In probability theory, the zero-truncated Poisson (ZTP) distribution is a certain discrete probability distribution whose support is the set of positive integers. This distribution is also known as the conditional Poisson distribution[1] or the positive Poisson distribution.[2] It is the conditional probability distribution of a Poisson-distributed random variable, given that the value of the random variable is not zero. Thus it is impossible for a ZTP random variable to be zero. Consider for example the random variable of the number of items in a shopper's basket at a supermarket checkout line. Presumably a shopper does not stand in line with nothing to buy (i.e., the minimum purchase is 1 item), so this phenomenon may follow a ZTP distribution.[3]

Since the ZTP is a truncated distribution with the truncation stipulated as k > 0, one can derive the probability mass function g(k;λ) from a standard Poisson distribution f(k;λ) as follows: [4]

[math]\displaystyle{ g(k;\lambda) = P(X = k \mid X \gt 0) = \frac{f(k;\lambda)}{1-f(0;\lambda)} = \frac{\lambda ^ k e^{- \lambda} }{k ! \left ( 1 - e^{- \lambda} \right )} = \frac{\lambda^k}{(e^\lambda-1)k!} }[/math]c

The mean is

[math]\displaystyle{ \operatorname{E}[X]=\frac{\lambda}{1-e^{-\lambda}}=\frac{\lambda e^\lambda}{e^\lambda-1} }[/math]

and the variance is

[math]\displaystyle{ \operatorname{Var}[X]=\frac{\lambda+\lambda^2}{1-e^{-\lambda}} - \frac{\lambda^2 }{(1-e^{-\lambda})^2} = \operatorname{E}[X](1+\lambda-\operatorname{E}[X]) }[/math]

Parameter estimation

The method of moments estimator [math]\displaystyle{ \widehat{\lambda} }[/math] for the parameter [math]\displaystyle{ \lambda }[/math] is obtained by solving

[math]\displaystyle{ \frac{\widehat{\lambda}}{1-e^{-\widehat{\lambda}}} = \bar{x} }[/math]

where [math]\displaystyle{ \bar{x} }[/math] is the sample mean.[1]

This equation does not have a closed-form solution.

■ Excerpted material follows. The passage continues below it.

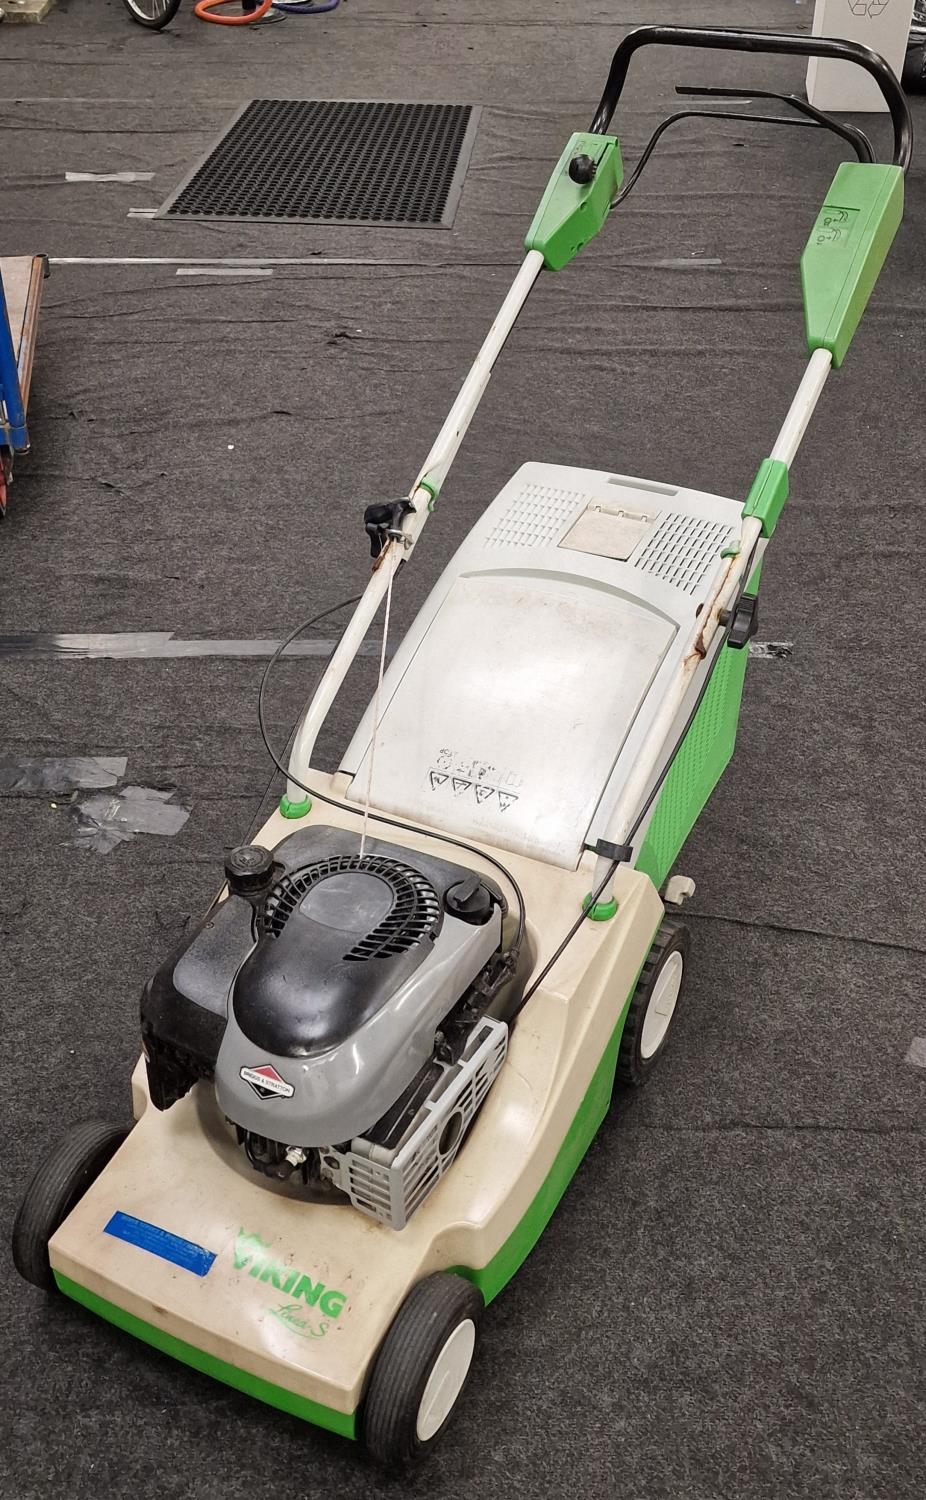 Briggs and Stratton "Viking" petrol lawn mower working at time cataloging

In practice, a solution may be found using numerical methods.

Examples

Insurance claims:

Imagine navigating the intricate landscape of auto insurance claims, where each claim signifies a unique event – an accident or damage occurrence. The ZTP distribution seamlessly aligns with this scenario, excluding the possibility of policyholders with zero claims.

Let X denote the random variable representing the number of insurance claims. If λ is the average rate of claims, the ZTP probability mass function takes the form:

[math]\displaystyle{ P(X=k)=\frac{\lambda ^ k e^{- \lambda} }{k ! \left ( 1 - e^{- \lambda} \right )} }[/math] for k= 1,2,3,...

This formula encapsulates the probability of observing k claims given that at least one claim has transpired. The denominator ensures the exclusion of the improbable zero-claim scenario. By utilizing the zero-truncated Poisson distribution, the manufacturing company can analyze and predict the frequency of defects in their products while focusing on instances where defects exist. This distribution helps in understanding and improving the quality control process, especially when it's crucial to account for at least one defect.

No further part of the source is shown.